В подполье Бухенвальда - Валентин Васильевич Логунов
— Ну, умереть-то тут как раз нетрудно. Это проще всего. Нужно выжить. Жить, чтобы бороться. Так вот мы и начнем с «Князя Игоря». Сейчас мы с тобой ведем безобидный разговор об опере Бородина «Князь Игорь». Видишь ли, бывают случаи, когда по указке провокатора или сам эсэсовец замечает двух — трех человек, о чем-то разговаривающих. Вот как сейчас мы с тобой. Людей неожиданно хватают, изолируют друг от друга и допытываются, о чем был только что разговор. Если показания не совпадают — подозрение в заговоре и смерть в страшных пытках.
— Хитро придумано.
— Конечно, хитро. Не зря же у них за плечами такой опыт. Но и борцы подполья тоже имеют свой, годами накопленный опыт. В общем, кто кого перехитрит. В дальнейшем, при встречах, прежде всего нужно обусловить какую-то тему разговора, а потом говори, о чем хочешь. Так не поймают. Ну вот сейчас, кто может доказать, что мы говорили не о «Князе Игоре», если мы оба покажем одно и то же.
— Ясно, учтено на будущее!
— Сейчас скоро отбой. Слушай, что от тебя потребуется на первое время. На днях тебя переведут штубендинстом на блок № 44. Это самый большой и полностью русский блок. Там около 800 человек народу. На всех четырех флигелях поставишь по надежному человеку. Каждый из них подберет сам по 4—5 человек, а те в свою очередь создадут вокруг себя группы. Таким путем мы создадим сеть надежных людей. Учти как обязательное условие, чтобы тебя знали только старшие флигелей, а их — только старшие им подчиненных групп, и никто из старших — друг друга. Я знаю, что у тебя есть надежные люди.
— Есть и порядочно. Но многие живут по разным блокам и знают меня, конечно, не пять человек, а значительно больше.

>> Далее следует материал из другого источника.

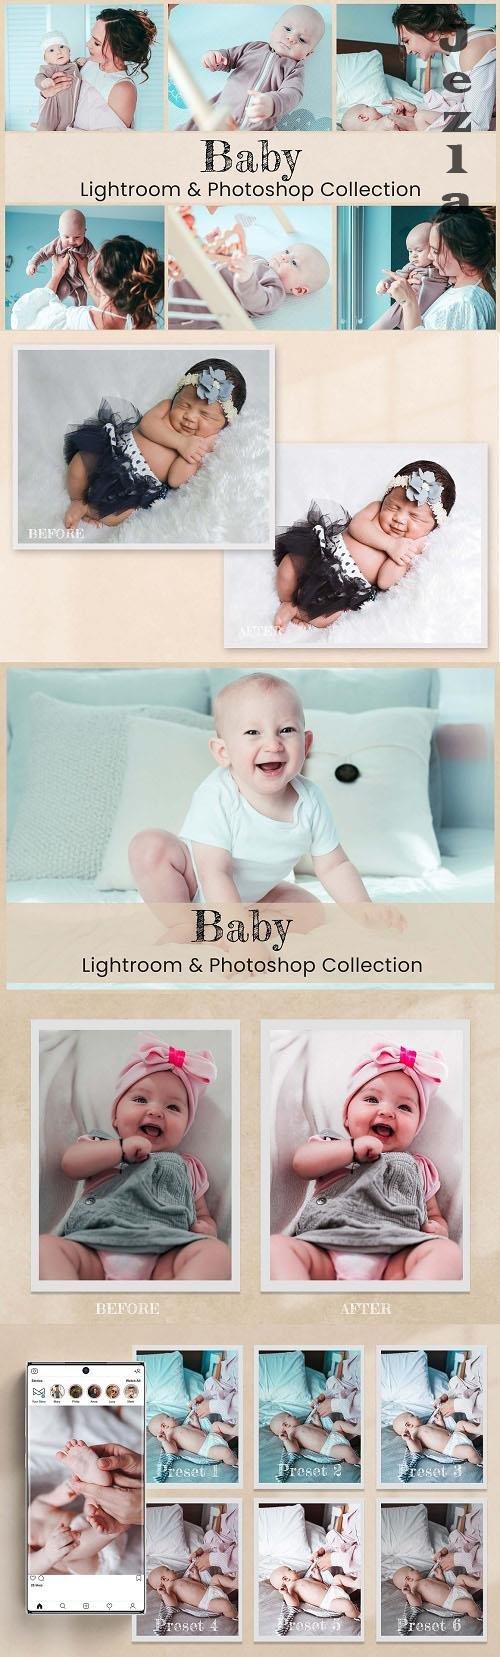 Baby LRM PHSP LUTs - 6520693

— Как товарища и штубендинста тебя все могут знать, но, что указания они получают от тебя, должны знать только старшие флигелей. Иначе второй раз и тебя спасти не удастся, и можно завалить общее дело. Нужных тебе людей, возможно, удастся перевести на 44-й блок. А теперь — шире шаг, а то отбой нас захватит. А ведь правда хороший вечер?
— Замечательный! С самой Рязани такого не видел. Смотрите, Иван Иванович, звездочка! — Действительно, чуть повыше клубов дыма из трубы крематория, в прогалину между разорванными облаками, заглядывала далекая, такая чистая звезда, как бы удивляясь с своей недосягаемой высоты грязной, кровавой мерзости, творимой людьми.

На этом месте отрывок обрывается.